Муж Суховой действительно был по делам в отъезде, но раньше Крещенья его не ждали обратно. Аграфене Николаевне как-то сразу стало неинтересно и скучно, и всё её веселье и озорство пропало, осело. Зато Люба, против ожидания, оживилась, даже позабыла, что скользко. Она всё беспокоилась, не приехал ли в самом деле Степан Андреевич, почему бы это могло быть, и вдруг вспомнила, что вчера весь вечер кошка на кухне умывала морду.
– Скучная какая ты, Люба!
– Нет, право, Груша, весь вечер Матроска лапой мылся к гостям.
– Я не про кошку, а вообще ты скучная, старушка какая-то. Да и старухи бывают весёлые, а тебя будто кто смолоду запугал.
Люба поморгала глазами и умолкла, но через минуту воскликнула:
– Ну видишь, дядя и приехал. В гостиной свет.
– Маша что-нибудь прибирает.
Окна дома, где жили Суховы, были довольно высоко от земли, так что для того, чтобы заглянуть в них, нужно было забраться на каменный фундамент, держась рукою за выступ подоконника.
Аграфена Николаевна почти рассердилась, когда увидела, что её племянница неуклюже полезла на обледеневшие кирпичи и, подняв нос, старалась заглянуть в освещённые три окна.
– Да что ты, Люба, с ума сошла! вот нетерпенье одолело. Войдём и увидим. Всё равно, ничего не видно. Лучше подальше отойти, на другую панель – виднее будет.
– Я, Груша, вижу! – от волнения даже зашепелявила племянница.
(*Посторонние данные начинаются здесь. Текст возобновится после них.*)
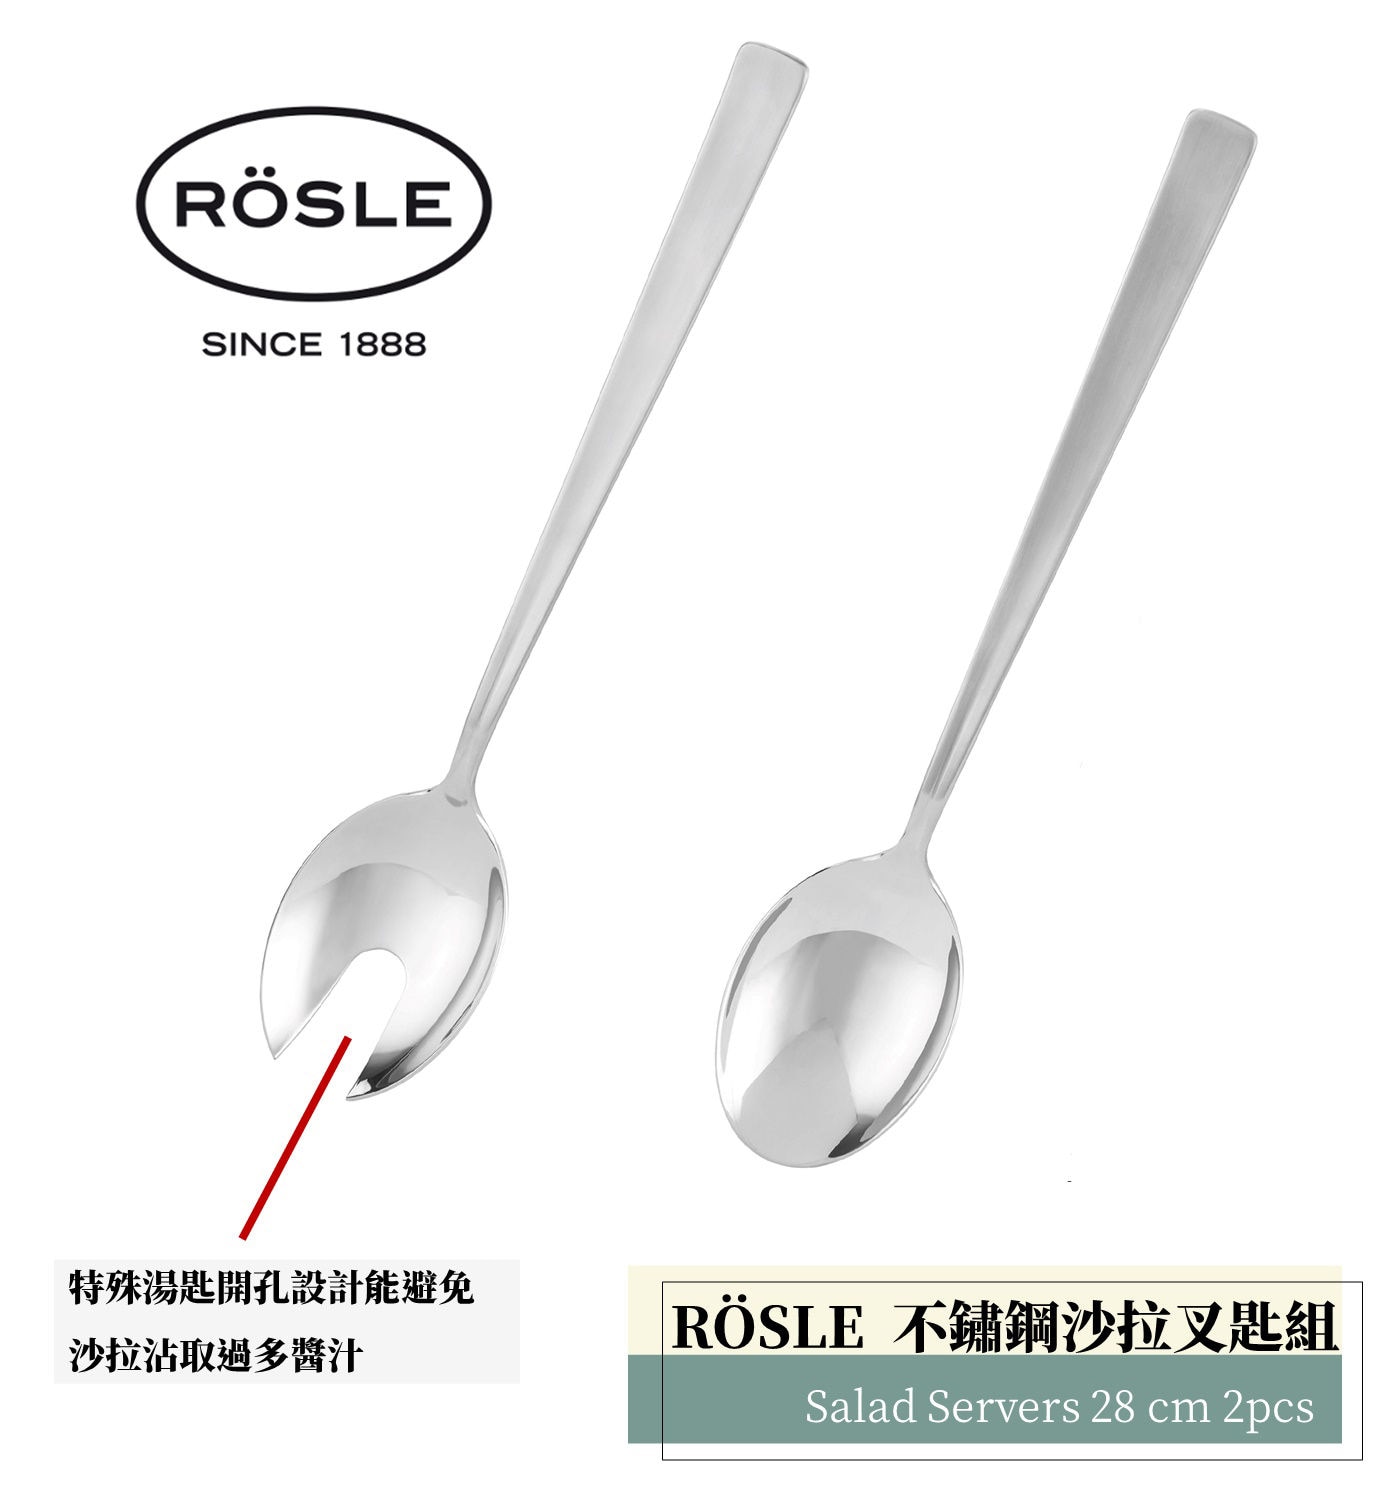 Rosle不鏽鋼沙拉叉匙組特殊湯匙開孔設計能避免沙拉沾取過多醬汁

Аграфена ничего не возразила, она сама с другой стороны улицы вглядывалась в неясную тень, там, в комнате, склонившуюся над столом.
– Это Степан Андреевич, непременно он, и борода ихняя! – не унималась Люба.
– Да, это – не Маша! – задумчиво отозвалась Сухова, затем, улыбнувшись, добавила:
– Обойдём с чёрного крыльца, без, звонка. Он нас удивил – и мы его удивим.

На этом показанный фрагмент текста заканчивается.